Учтя пожелания Тэна и Сент-Бева, а также решая собственные творческие задачи, Золя задумал выступить в «Мадлене Фера» с «научным» обоснованием брака и христианской морали. «Религия и мораль говорят человеку: „Ты проживешь жизнь с одной женщиной“. Наука же в свою очередь подтверждает: „Твоя первая жена будет и единственной“. Я лишь применил эту научную теорию и полагаю, что создал полезную, честную книгу», — разъяснял Золя замысел своего романа.

Осуществляя этот замысел, Золя обратился к ранее написанной им, но неопубликованной нравоучительной пьесе «Мадлена», которая и послужила основой для романа. Пьеса создавалась в 1865 году вслед за тематически близкой ей «Исповедью Клода».

Правда, моралистическая нацеленность пьесы «Мадлена» и романа «Исповедь Клода» различна. Клод, обращаясь к неискушенным сверстникам, назидательно предостерегал: избегайте этих ужасных лореток, они способны отравить ваше сердце коварством, низостью и изменой.

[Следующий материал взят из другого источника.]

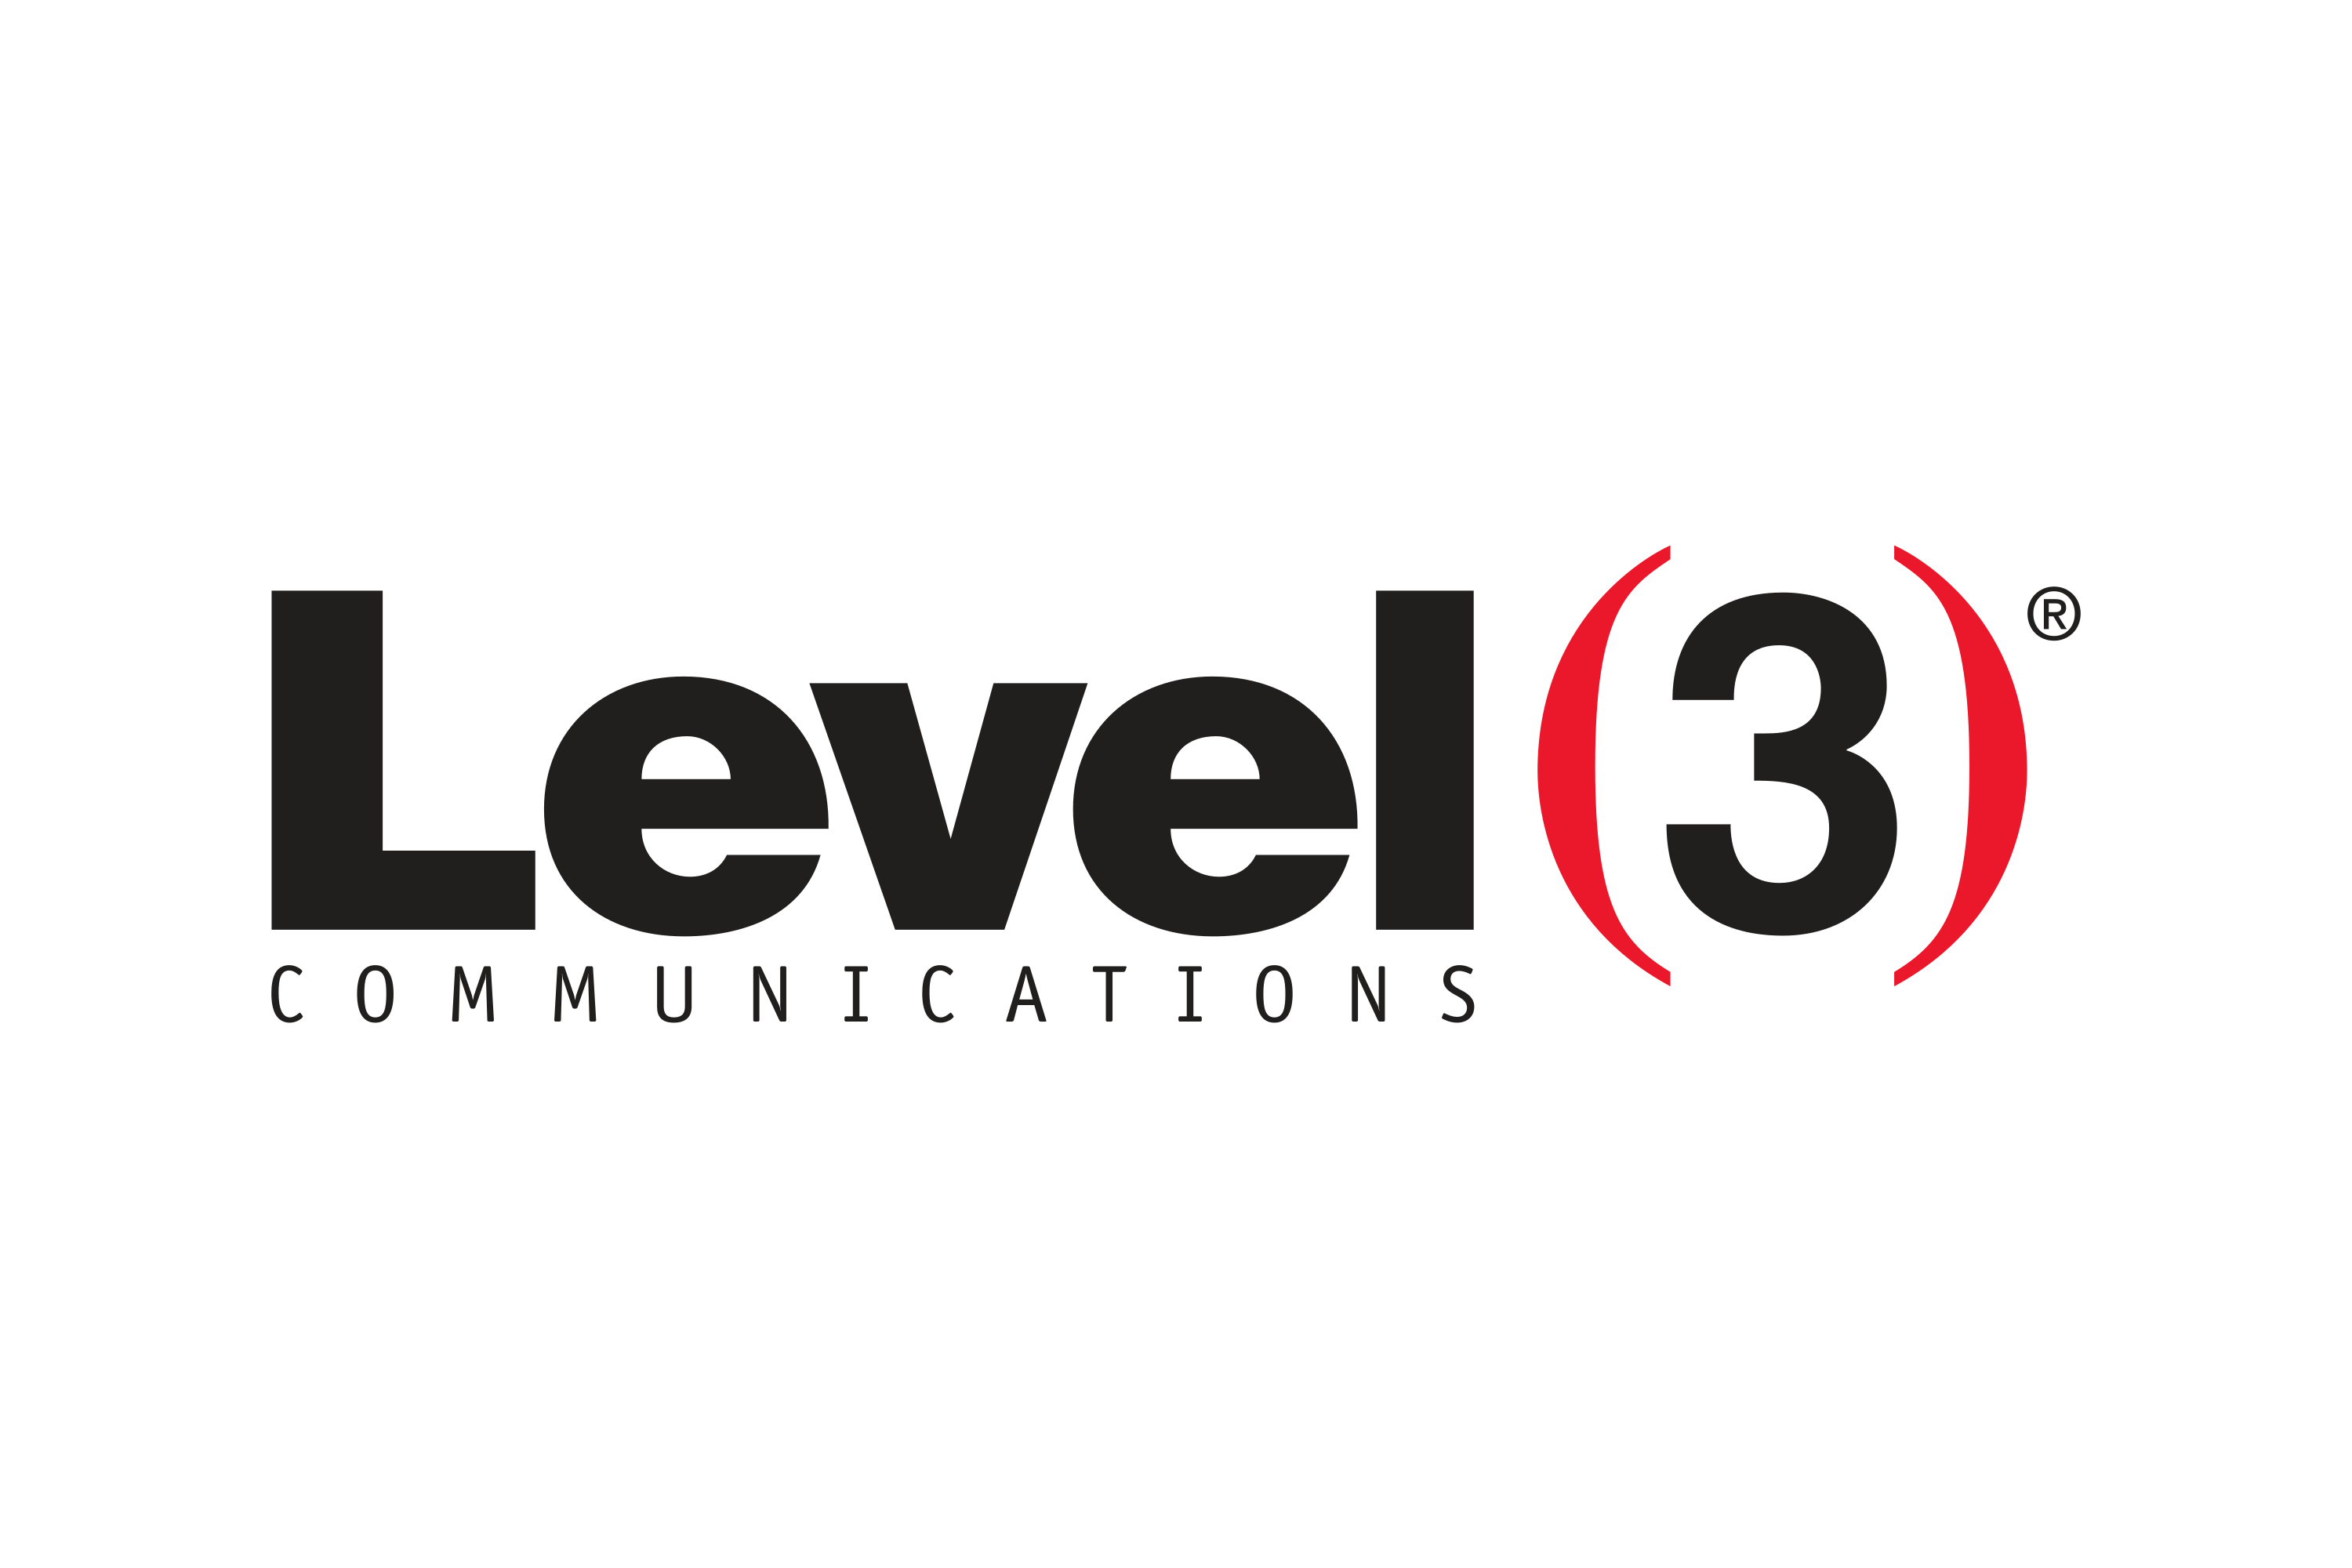 Download Level 3 Communications Logo in SVG Vector or PNG File Format

В «Мадлене» Золя намеревался реабилитировать девушку, которую случай бросил на улицу. Мадлена — сирота. В Париже ей встретился студент-медик Жак Готье (в романе — Жак Бертье), а также Франсис Юбер (в романе — Гийом де Виарг), которого она полюбила. Они обвенчались и зажили счастливо. Неожиданно появляется Жак Готье, и идиллия разрушается. Франсис открывает тайну своего брака матери. Г-жа Юбер шокирована. Она не в силах простить невестку. Мадлена же, равнодушная к Жаку, любящая Франсиса, жаждет искупления за прежнюю ошибку. Она глотает стрихнин. Над ее телом служанка Вероника (в романе — Женевьева) произносит зловещие слова: «Бог никогда не прощает!»

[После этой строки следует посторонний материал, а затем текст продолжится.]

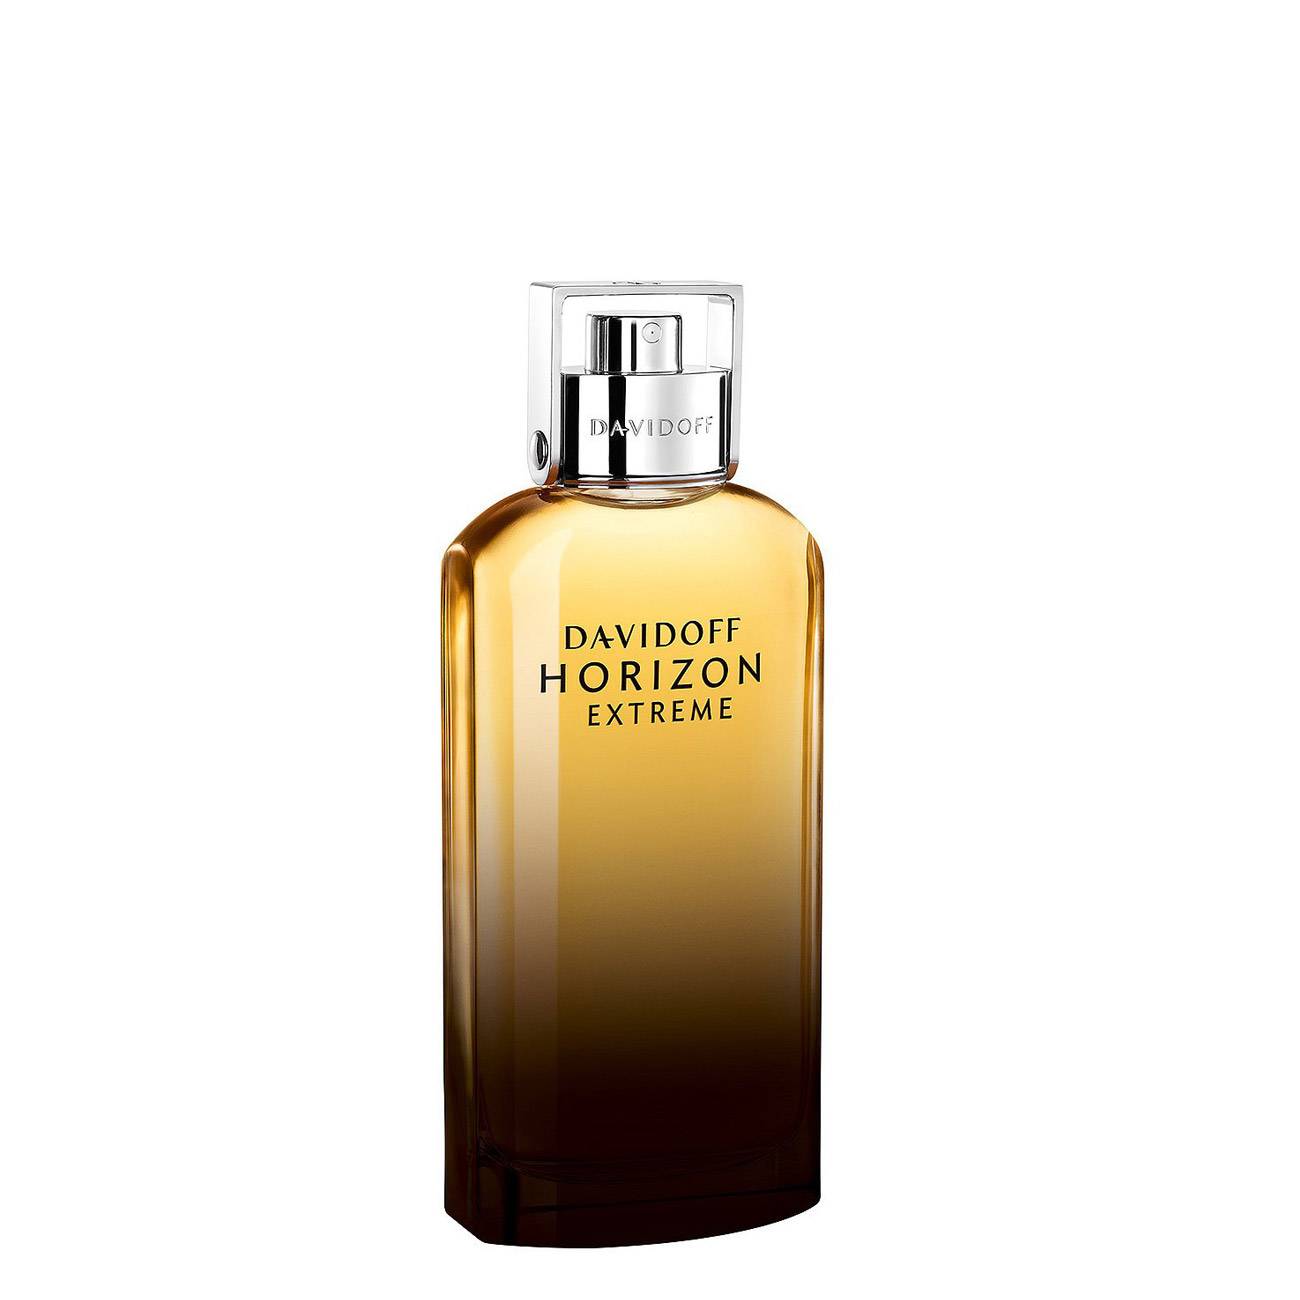 Apa de Parfum Davidoff HORIZON EXTREME 75ml cu comanda online

В начале 1866 года Золя отнес рукопись пьесы в парижский театр «Жимназ». «Ваша пьеса душераздирающа и отталкивающе жестока», — мотивировал свой отказ импресарио Монтаньи в письме от 3 апреля 1866 года. В театре «Водевиль» автора постигла такая же неудача, правда, здесь нашли, что мелодрама «пресновата»… И лишь в 1889 году по просьбе режиссера Андре Антуана Золя передал свою пьесу для постановки на сцене Народного театра. «Я хочу, — говорил Золя Антуану, — чтобы моя „Мадлена“ была сыграна в том виде, как она есть, без поправок, в своей первородной простоте. Эта драма… страстная, неистовая и — не отрицаю — романтическая». В пьесе действительно использованы темы и идеи романтического театра. Преследуемые «ожившим» прошлым, людской черствостью, мятущиеся и беззащитные герои «Мадлены» одержимы страхом перед шуткой реальностью. Их терзает сознание невозможности уйти от прошлого, избежать людского суда. Мадлена капитулирует перед непреклонной Вероникой и ее добродетельной госпожой. Романтическая драма человека с улицы, которому душно в ханжеском мире мещан, выливается в назидательную мелодраму о кающейся грешнице, которая сама выносит себе приговор, желая смертью искупить свою роковую ошибку.

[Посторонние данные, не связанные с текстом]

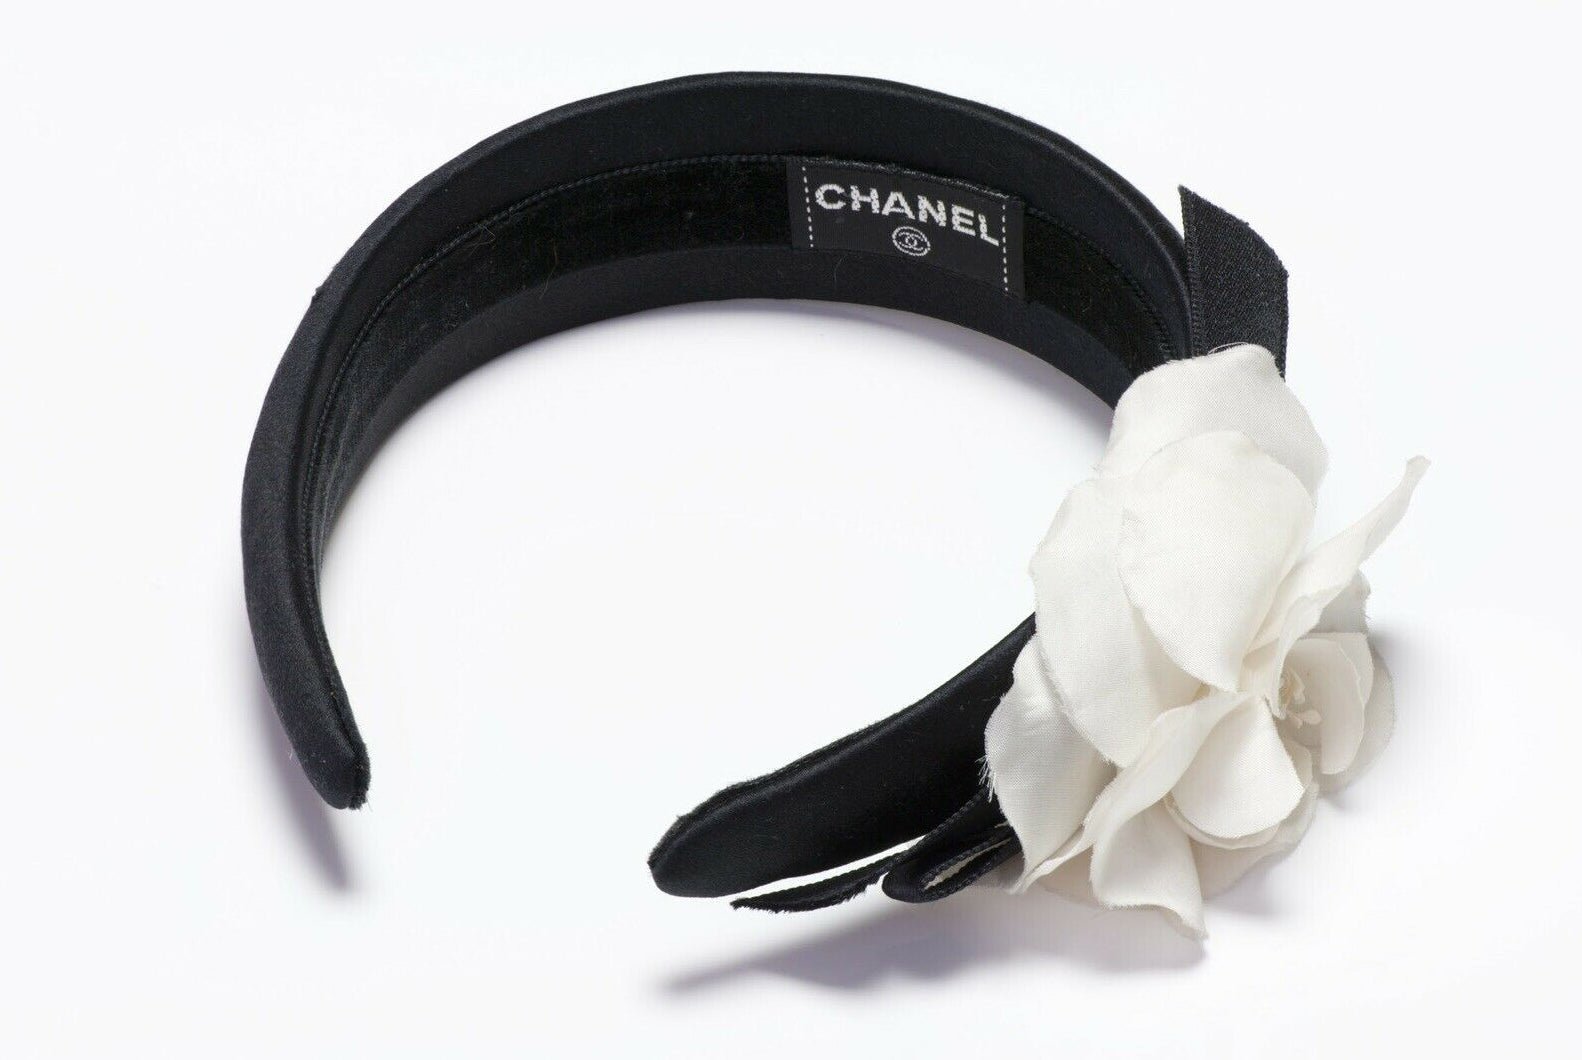 Chanel Paris 1990’s Black Satin Camellia Headband

В романе «Мадлена Фера» гибель героини имеет иной смысл: она бросается навстречу смерти, пытаясь спастись от фатальных «велений плоти», превративших ее «в израненное животное». Физиологическая обусловленность поведения персонажей сочетается здесь с романтическими мотивами, перенесенными автором из пьесы «Мадлена». К ним относятся и тема безысходного бегства героев, и заостренные до гротеска образы Женевьевы и Луизы, и черты романтической незащищенности и отрешенности от житейской прозы, свойственные основным героям романа.

Но если в пьесе путь к свободе героине преграждали различные жизненные обстоятельства, которые «губили» ее в глазах «порядочных» людей, то в романе Мадлена не может спастись прежде всего от самой себя. Ни исступленная любовь Гийома, ни зловещие прорицания Женевьевы, ни даже материнское чувство — ничто не в силах заглушить в ней властный голос плоти, неудержимый порыв к Жаку, который впервые пробудил в ней женский инстинкт. «Я заимствовал эту мысль у Мишле и у доктора Люка, — пояснял Золя идею романа, — и строго и последовательно драматизировал ее. Не могу согласиться с тем, что я способен задеть общественные нравы, создавая медицинский этюд, смысл которого, по моему мнению, высоконравствен. Цель его — показать нерасторжимость брачных уз с точки зрения физиологической».

Подчинив повествование идее физиологической предопределенности, Золя тем не менее в процессе создания романа порою преодолевает узкие рамки натуралистической схемы и часто усматривает мотивы поведения героев во влиянии социальной среды, в системе буржуазного воспитания, рисует правдивые сцены парижской и провинциальной жизни.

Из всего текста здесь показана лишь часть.